1. The problem statement, all variables and given/known data
a) How many arrangements of the letters in COMBINATORICS have no consecutive vowels? b) In how many of the arrangements in part (a) do the vowels appear in alphabetical order? 2. Relevant equations C(n,k) P(n,k) 3. The attempt at a solution a) First I divided up the consonants and the vowels. My consonants are 2 C's, M, B, N, T, R, and S. My vowels are 2 O's, 2 I's and one A. Now I find the total number of ways to arrange the consonants = 8! Now I have to arrange my vowels such that there are no consecutive vowels.
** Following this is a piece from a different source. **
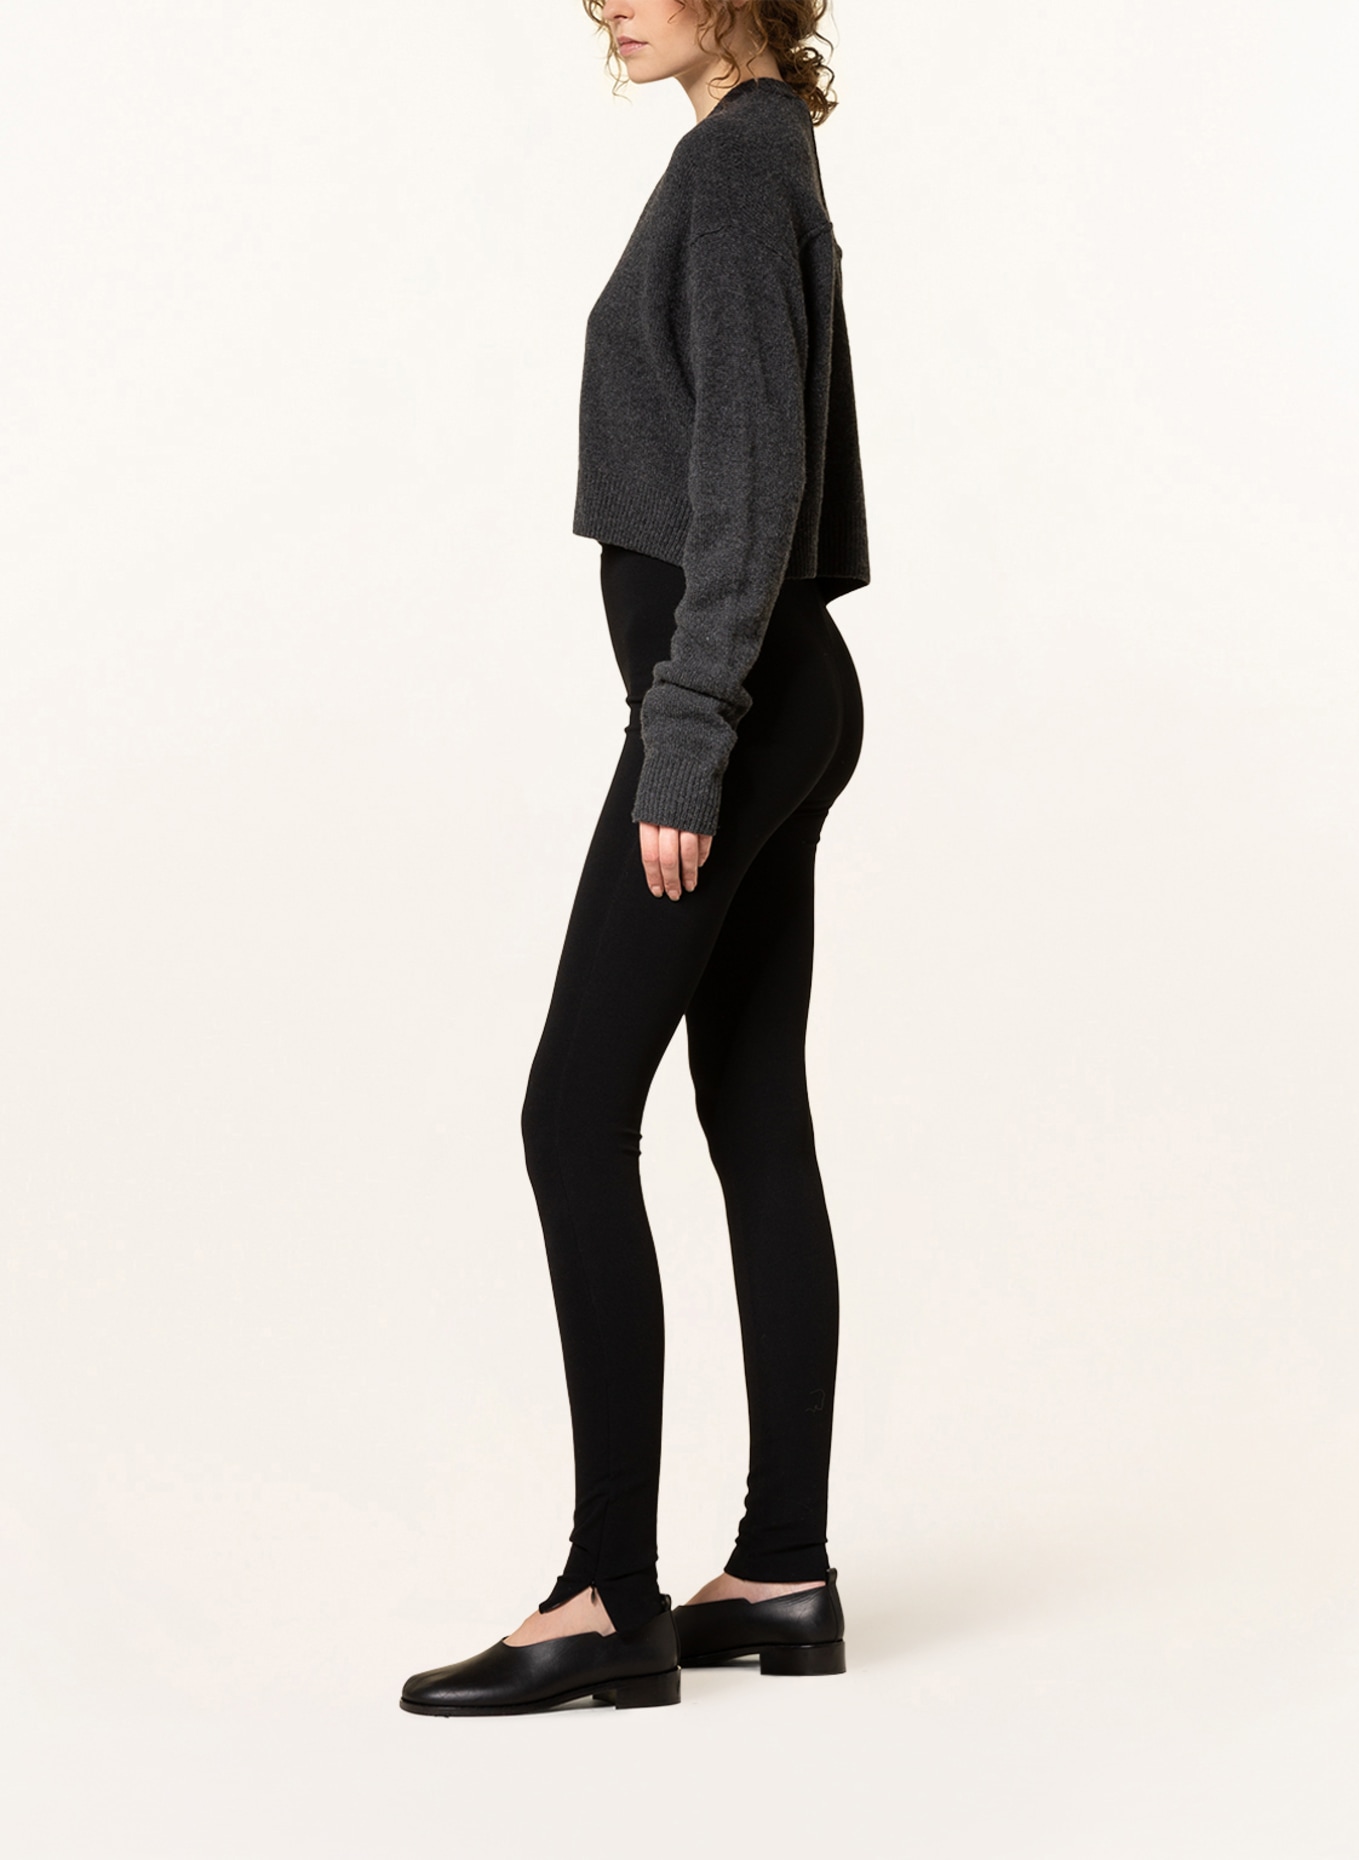 Zara, Pants & Jumpsuits, Zara Black Leggings With Ballerina Foot Straps

In the diagram below, the K = consonants, and the v's = vowels. vKvKvKvKvKvKvKvKv Since there are nine places to place vowels in order to avoid having consecutive vowels, there are C(9,5). So the solution I am arriving at = 8! * C(9,5) total combinations. 



#2
Feb1711, 01:25 AM

HW Helper
P: 3,309

you may wish to consider how to treat repeated letters




#3
Feb1711, 04:33 AM

P: 460

hey it is not a question to be posted under calculus and beyond




#4
Feb1711, 04:41 AM

P: 460

Ways to Arrange the Letters In COMBINATORICS
total number of ways to arrange the consonants = 8!/2 as you have one repeated consonant
now why have you done C(9,5). According to me you can do it using multinomial method. If you do not know what it is, then do not hesitate to ask 



#5
Feb1711, 05:02 AM

HW Helper
P: 3,309





#6
Feb1711, 05:02 AM

P: 256

Because the 2Cs are identical the total number to arrange consonants is not 8! but 8!/2!.
Also something similar for vowels cause u have two identical Is and two Os ,you have to divide with 2!2!=4. And u have to multiply by 5! to get a). For b) you have only one ordering for vowels, that is AIIOO so b) is without the (5!/(2!2!)) factor 



#7
Feb1711, 05:03 AM

HW Helper
P: 3,309





#8
Feb1711, 05:40 AM

P: 828





#9
Feb1711, 05:56 AM

P: 828

First, I like your Kv diagram, I'll use that here. Second, see how many repeated consonants you have, in this case, there are 2 C's. Now, see how many ways there are to pick two of the K spots to place your two C's. So how many ways can you pick two K spots to place your 2 C's?. Now, you have 6 more K's left and 6 distinct letters with which to fill them, so there are 6! different ways to do this part. Multiply your answer from the C's above and 6! and you know how many ways there are to arrange the consonants. Now, let's tackle the vowels. First, we note that there are two identical sets of vowels (the two o's and the two i's). There are C(9,2) ways to pick v's to place, say, the o's. Now you have 7 v's left, how many ways are there to pick v's for the i's? Now you how many v's do you have left? How many ways are there to pick a spot for the remaining a?As someone has pointed out, this last part can be answered with the product of three binomial coefficients, or with one multinomial coefficient. (I prefer binomial in this case.)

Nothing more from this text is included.